▶ **Goal of the exercise**: Pictures are to be dropped. Everything else in the listing gets copied exactly.

═══ The data

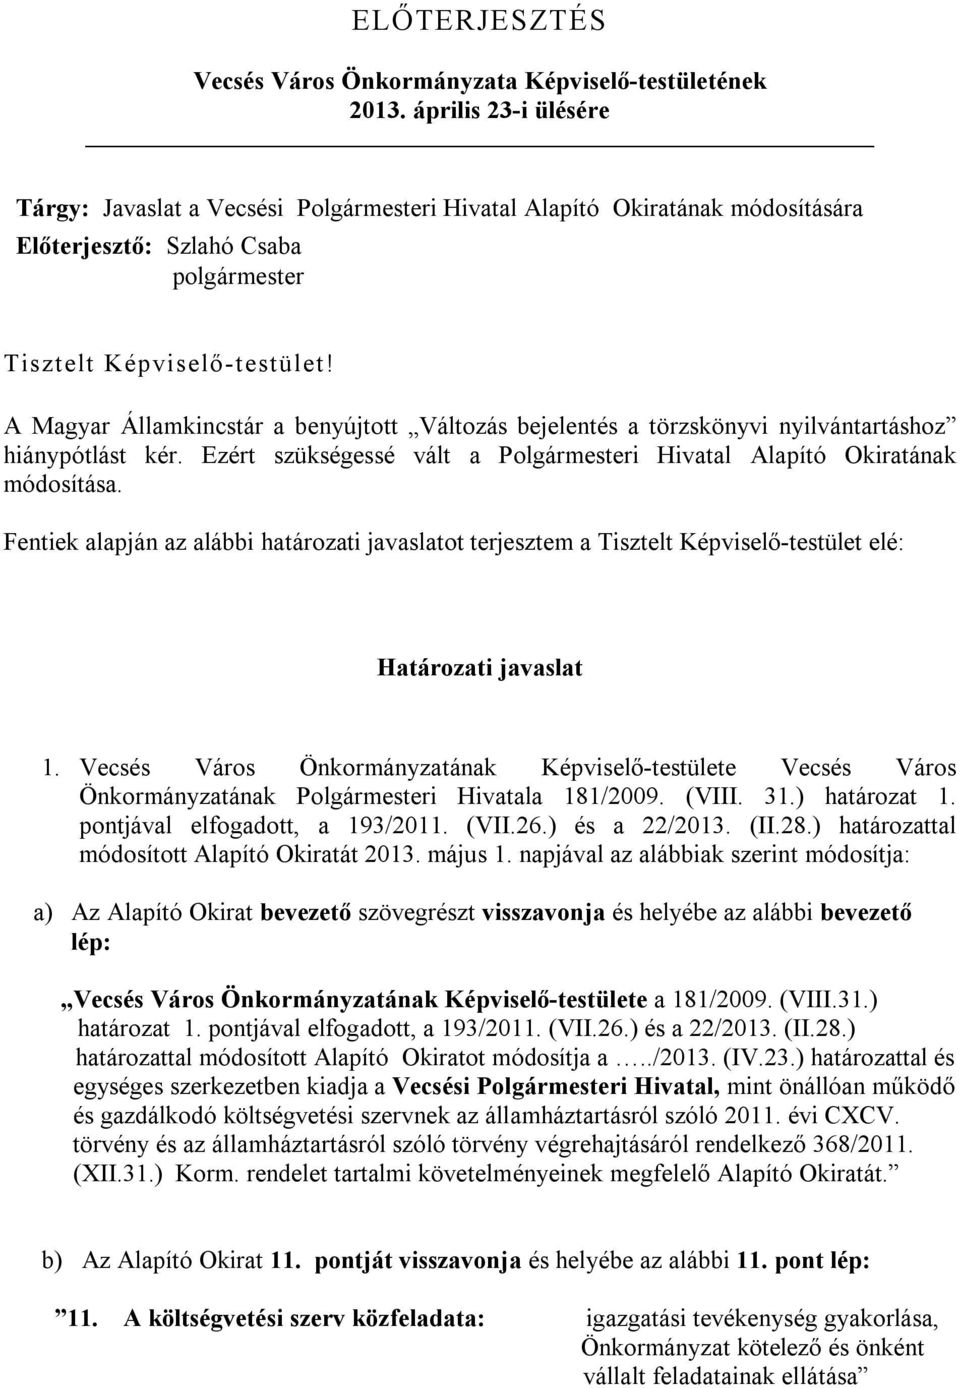 A Magyar Államkincstár a benyújtott Változás bejelentés a törzskönyvi nyilvántartáshoz hiánypótlást kér. Ezért szükségessé vált a Polgármesteri Hivatal Alapító Okiratának módosítása.
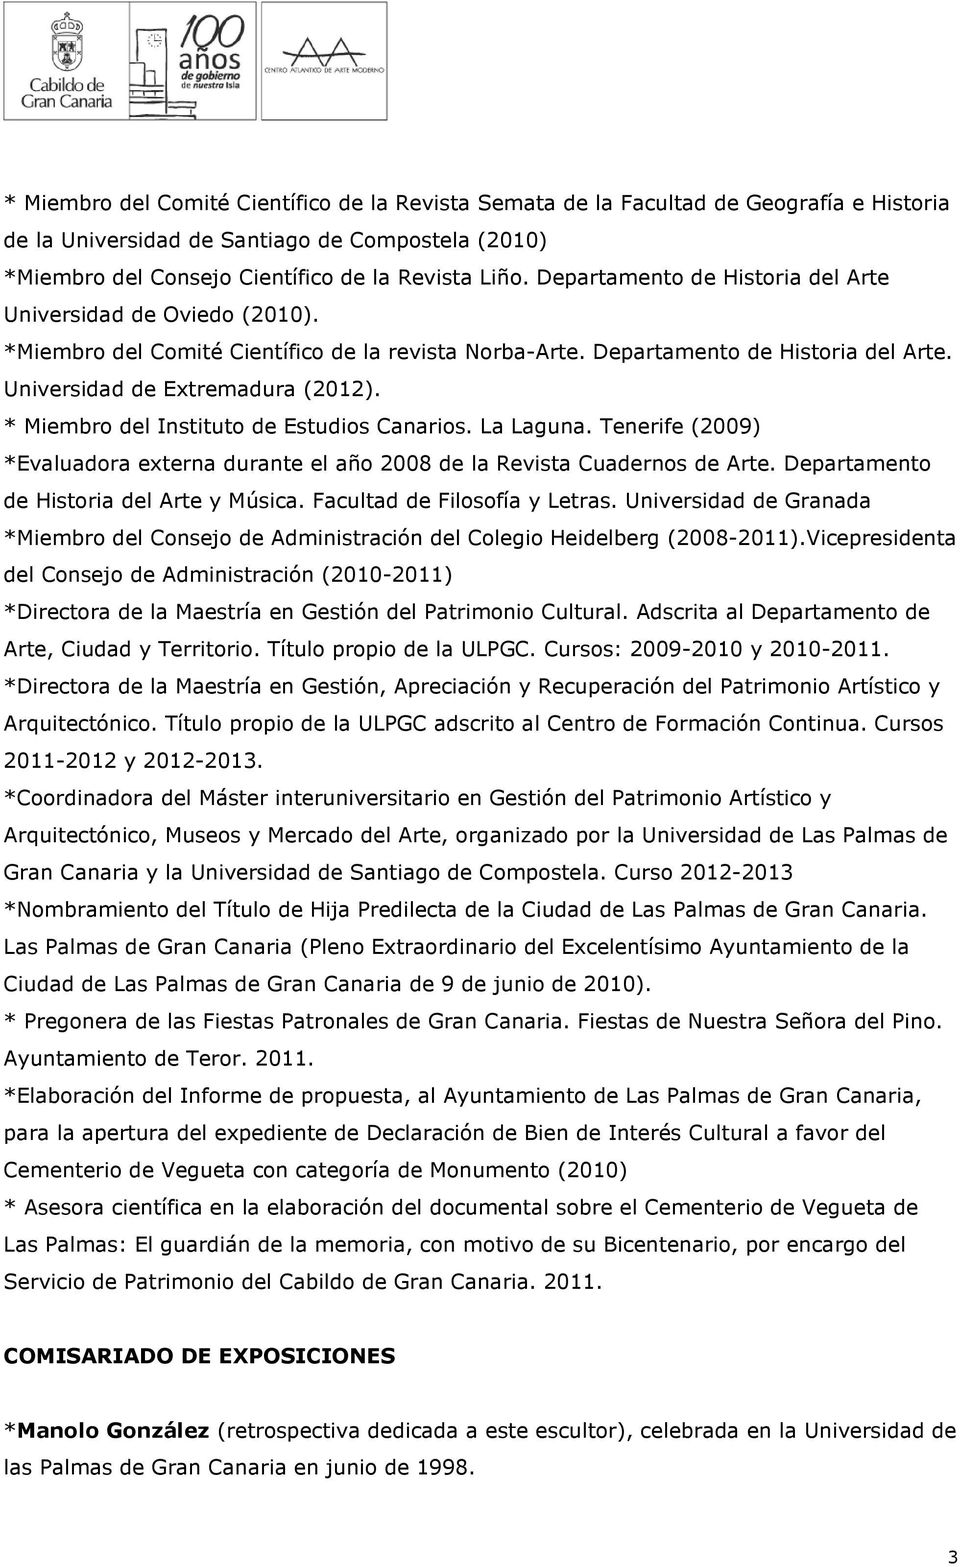 * Miembro del Instituto de Estudios Canarios. La Laguna. Tenerife (2009) *Evaluadora externa durante el año 2008 de la Revista Cuadernos de Arte. Departamento de Historia del Arte y Música.
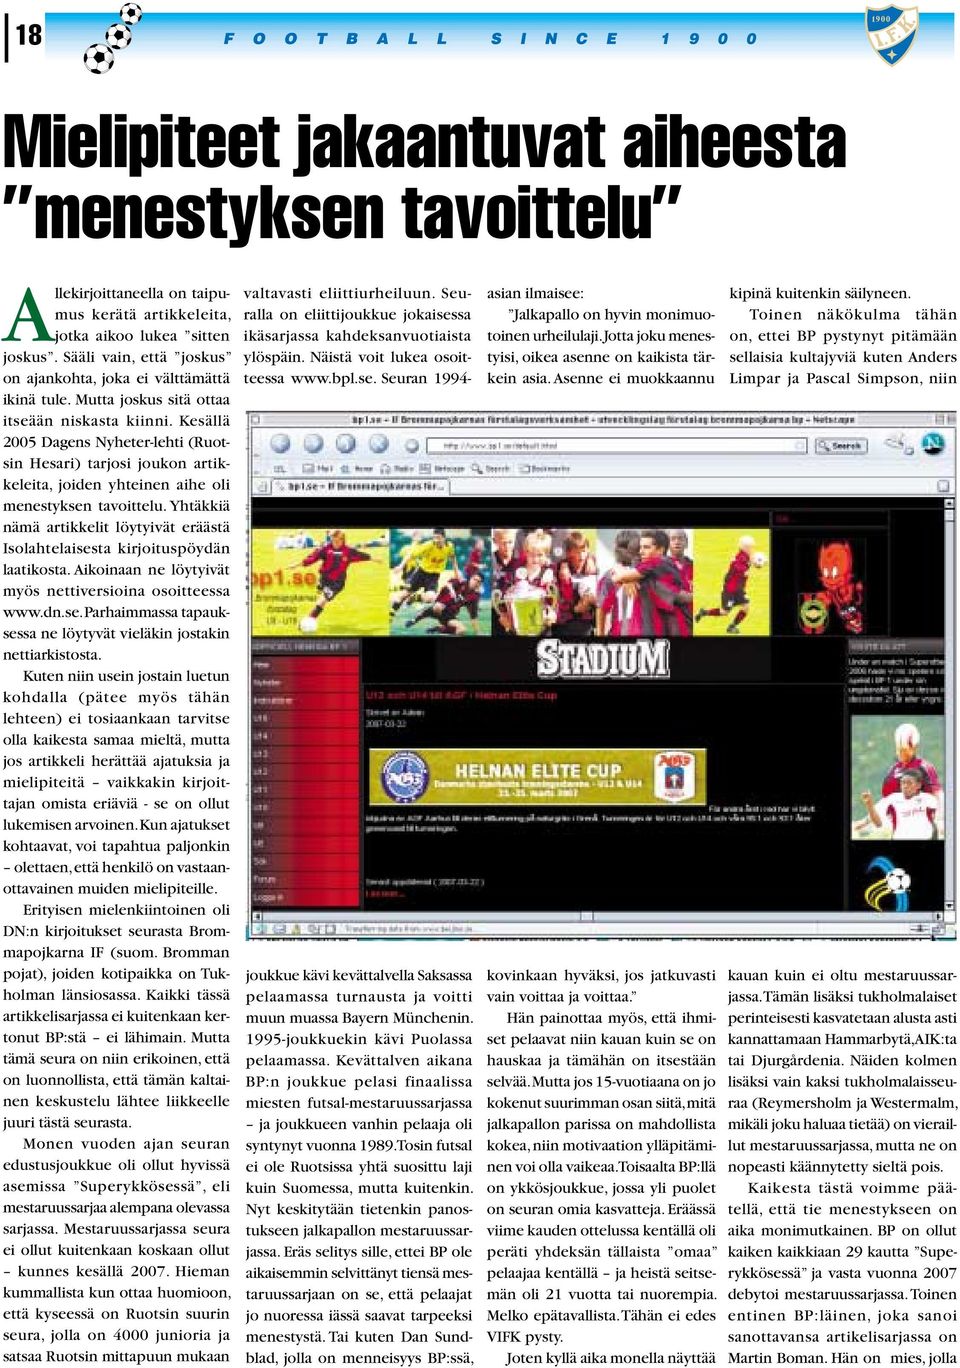 Kesällä 2005 Dagens Nyheter-lehti (Ruotsin Hesari) tarjosi joukon artikkeleita, joiden yhteinen aihe oli menestyksen tavoittelu.
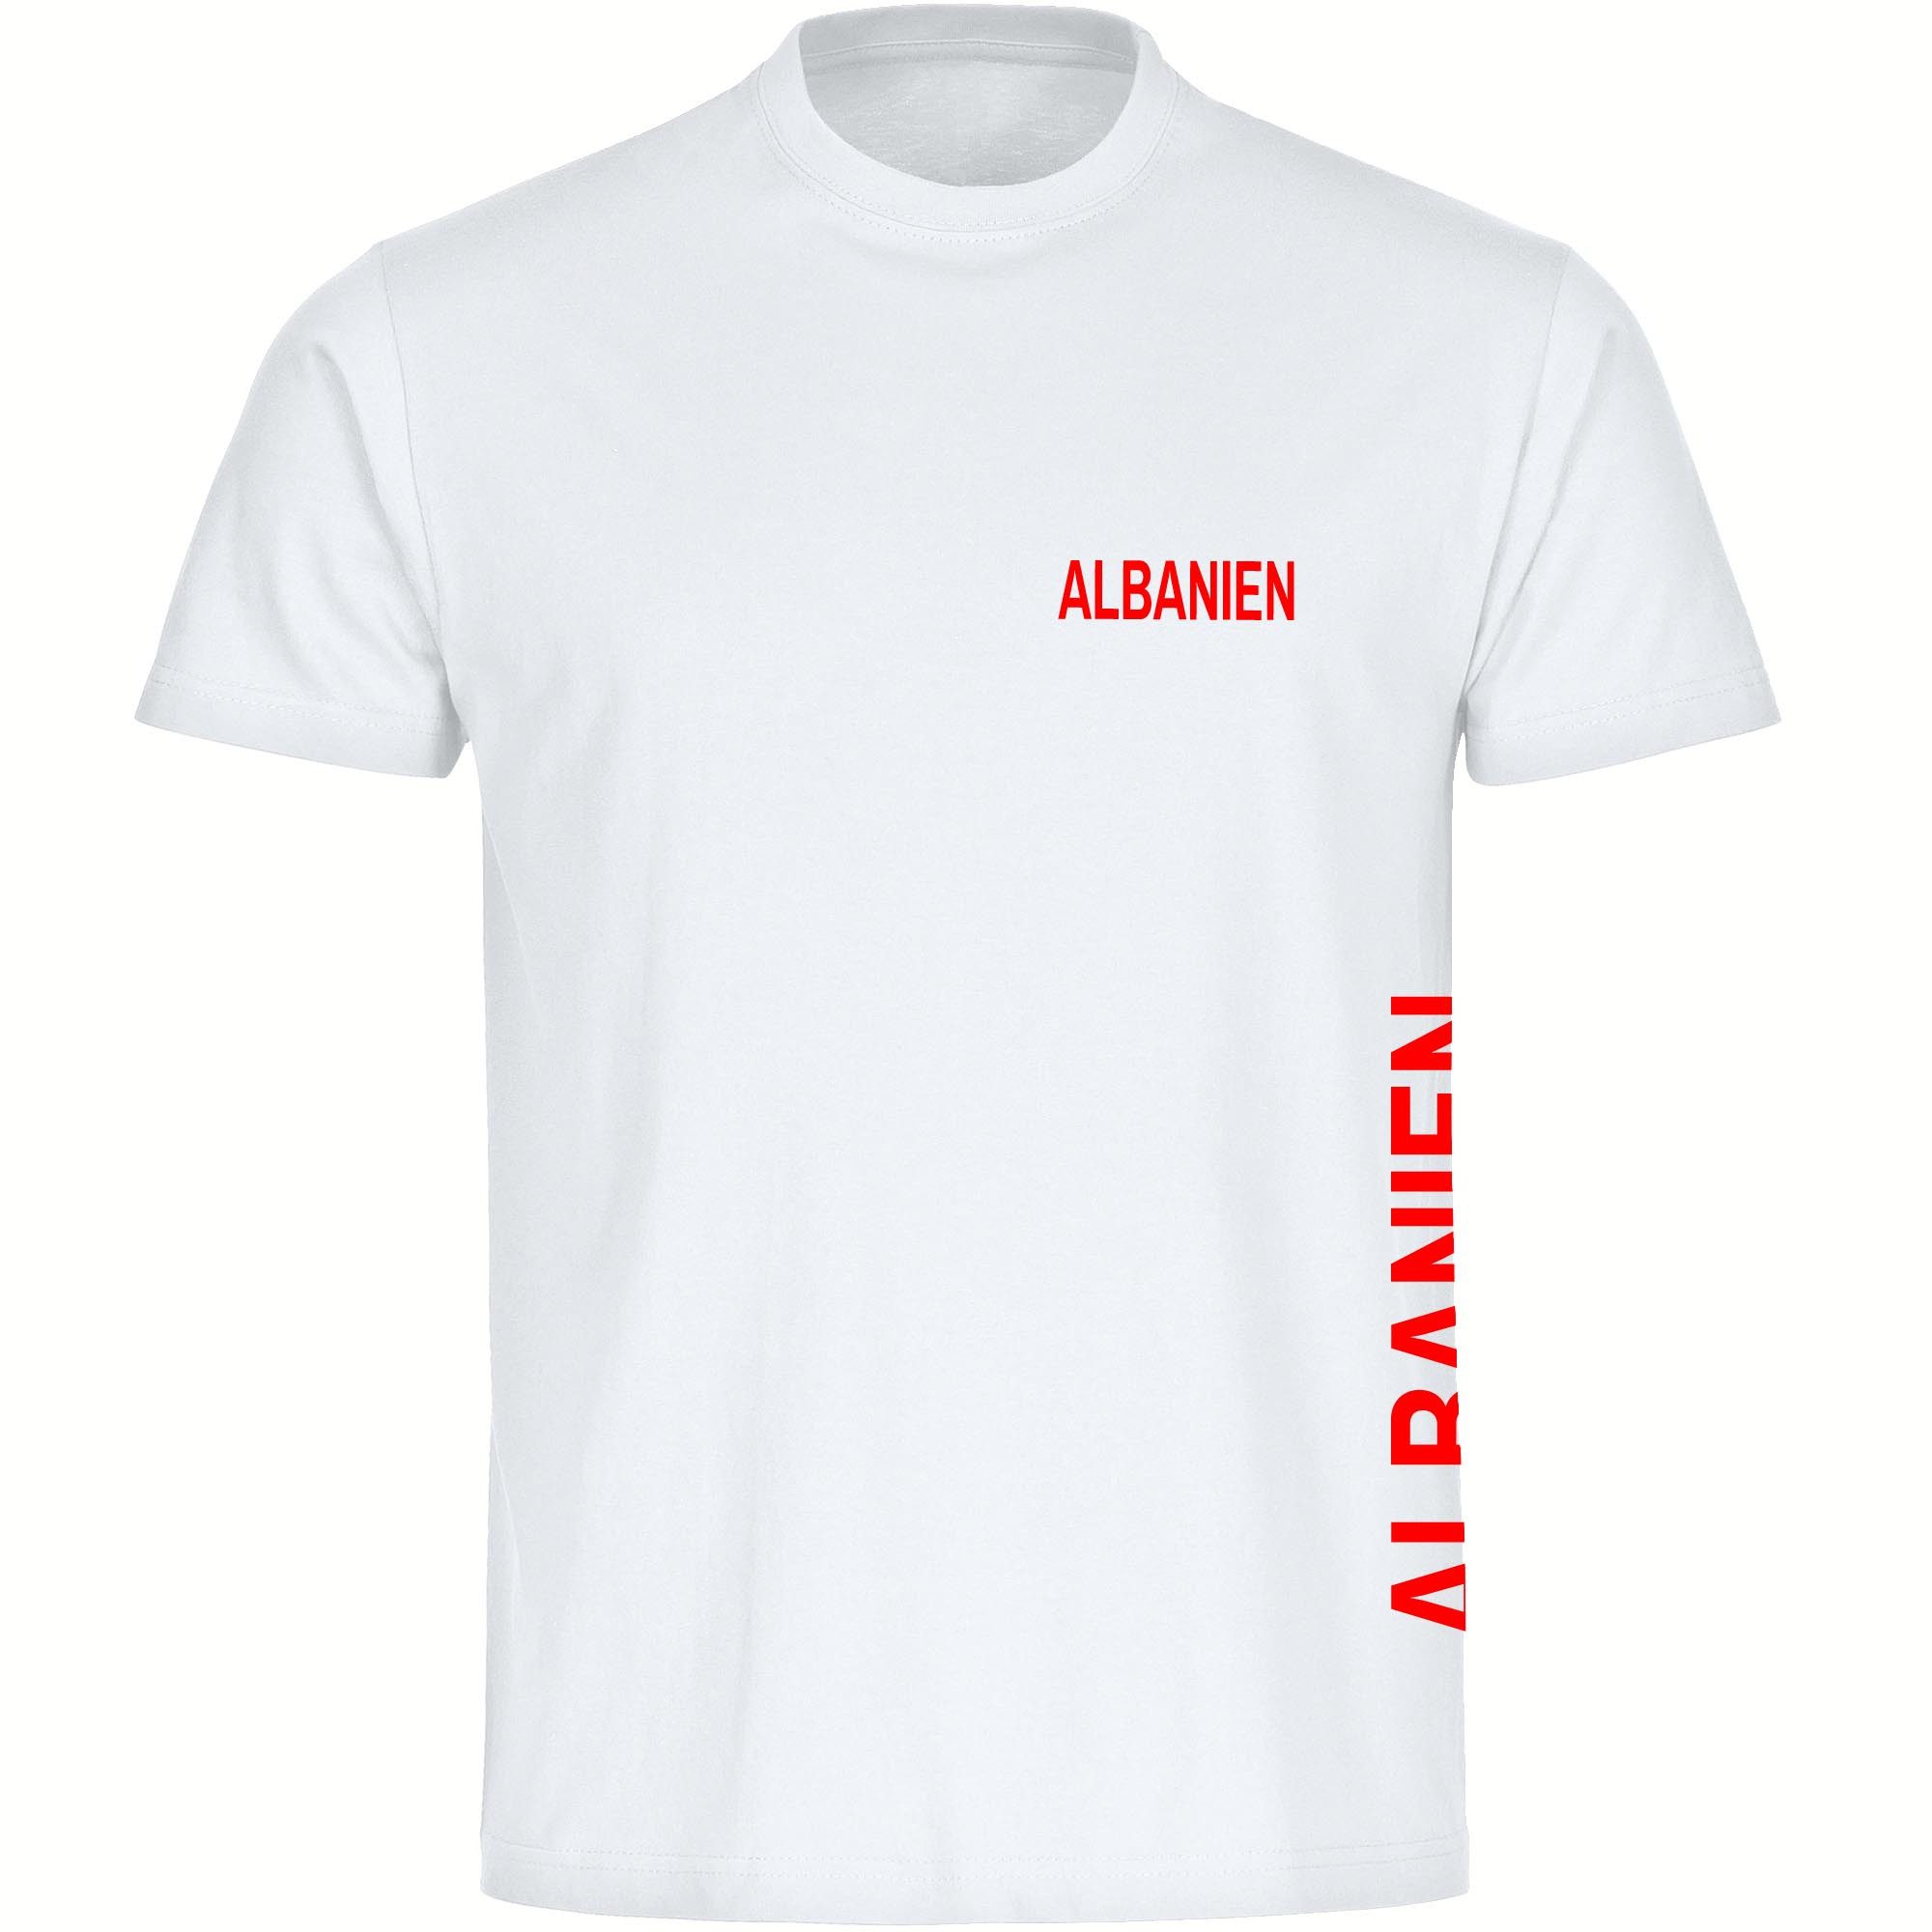 multifanshop T-Shirt Herren Albanien - Brust & Seite - Männer

══════

▶ **Answer to this exercise**:
 A Magyar Államkincstár a benyújtott Változás bejelentés a törzskönyvi nyilvántartáshoz hiánypótlást kér. Ezért szükségessé vált a Polgármesteri Hivatal Alapító Okiratának módosítása.
 * Miembro del Instituto de Estudios Canarios. La Laguna. Tenerife (2009) *Evaluadora externa durante el año 2008 de la Revista Cuadernos de Arte. Departamento de Historia del Arte y Música.
 Kesällä 2005 Dagens Nyheter-lehti (Ruotsin Hesari) tarjosi joukon artikkeleita, joiden yhteinen aihe oli menestyksen tavoittelu.
 multifanshop T-Shirt Herren Albanien - Brust & Seite - Männer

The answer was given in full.